Research and Development

Poor product pipelines, rising costs, new competition, impending patent expirations, and increased regulatory scrutiny are the dominant business issues facing research and development organizations. It is estimated that the clinical trial segment of the drug development process can account for more than 50% of the total costs associated with bringing a drug to market (estimated between $800 million and $1 billion per drug). Reducing the clinical development costs without introducing GCP compliance risk is a major area of focus throughout the life science industry.

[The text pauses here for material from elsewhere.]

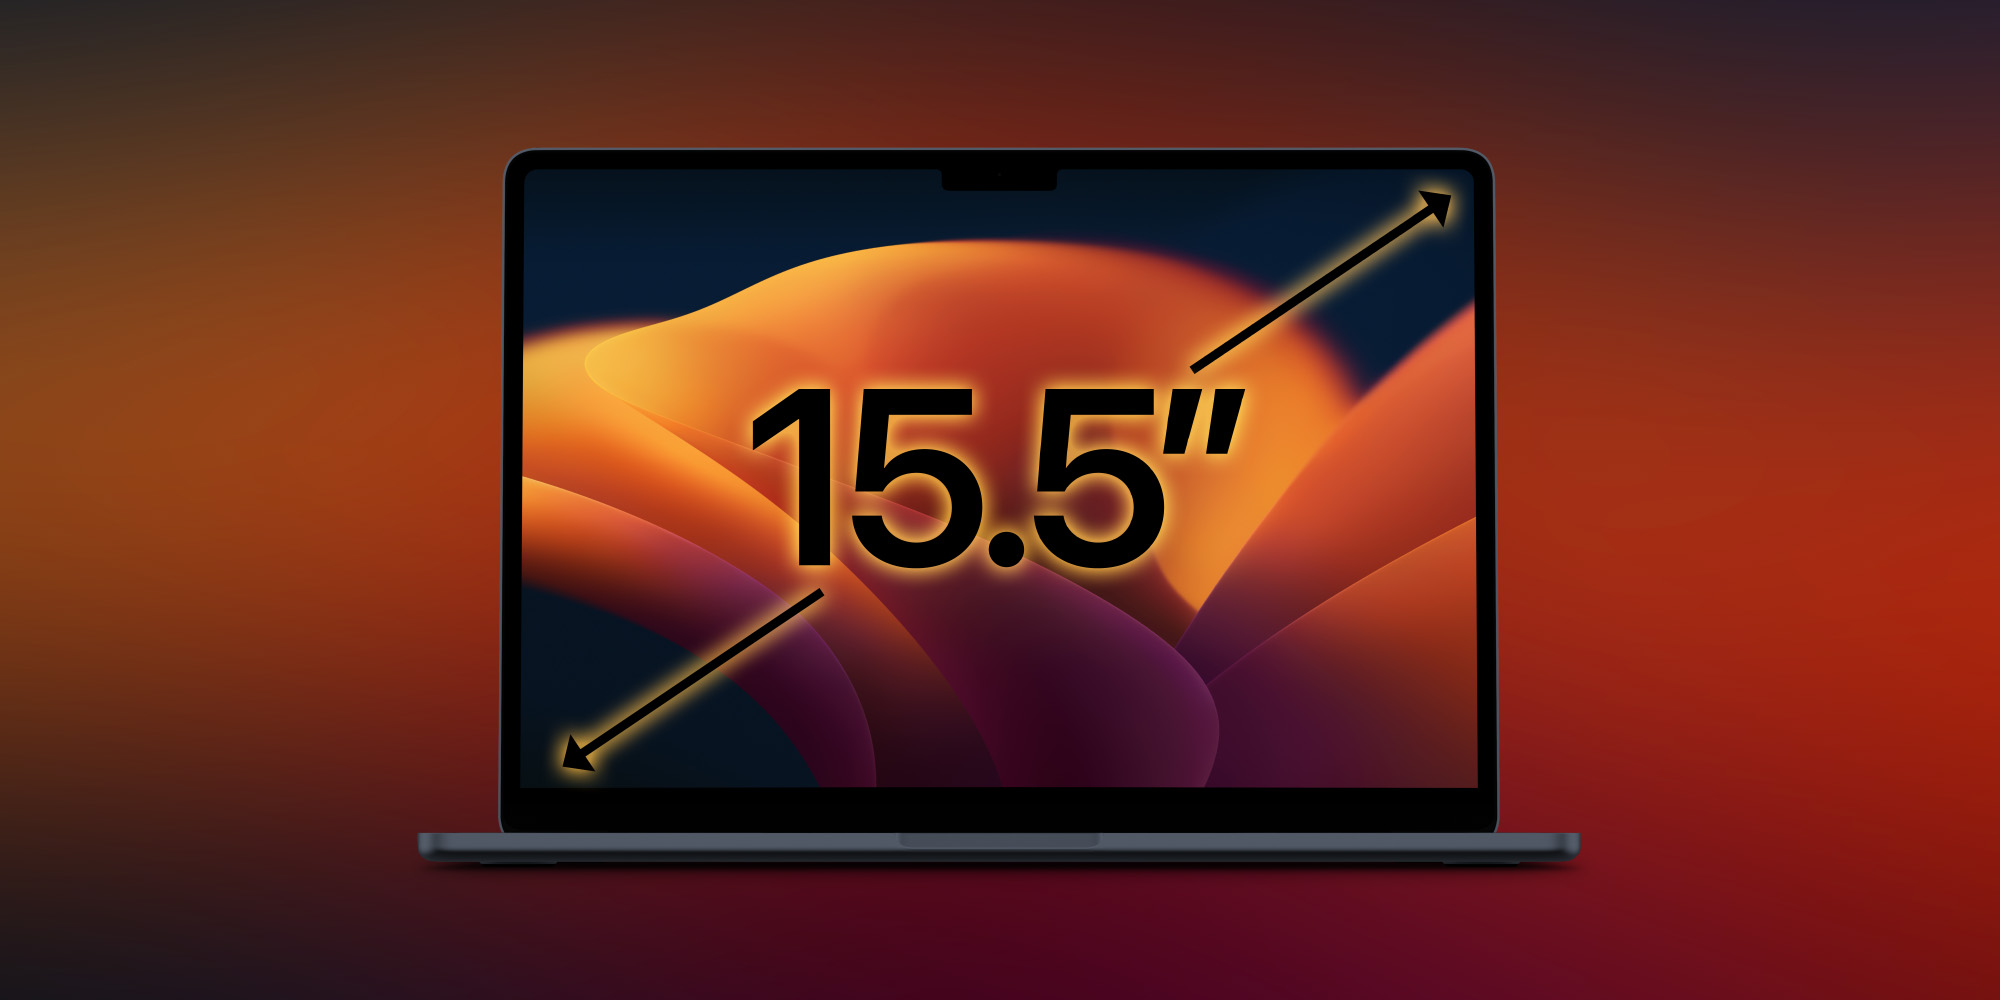 Tấm nền màn hình MacBook Air 15-inch được tăng tốc sản xuất chuẩn bị ra mắt thiết bị

At the same time, new regulatory guidance governing the structure and format of new product marketing applications – the Common Technical Document (CTD) introduces additional challenges for regulatory affairs organizations. Many companies are designing new processes, implementing new technologies, and developing new expertise to support CTD and eCTD implementations. These initiatives are often undertaken without interruptions to existing operations which must be kept running smoothly

How Patni Can Help
Reducing the time to obtain marketing approval for a drug from the FDA is a key to protecting the patent exclusivity for the product. Patni helps our clients optimize the drug development lifecycle through business process improvement and the implementation and validation of key technologies to improve operational efficiency.

The desire to decrease the time and cost associated with clinical trials will require the adoption of innovative IT solutions by the industry. In order to most effectively leverage these new technologies, companies must also re-engineer, implement, and provide education on enhanced clinical trials processes. Patni’s experience in evaluating, developing, and harmonizing standard operating procedures helps our clients as they embark on business transformation initiatives.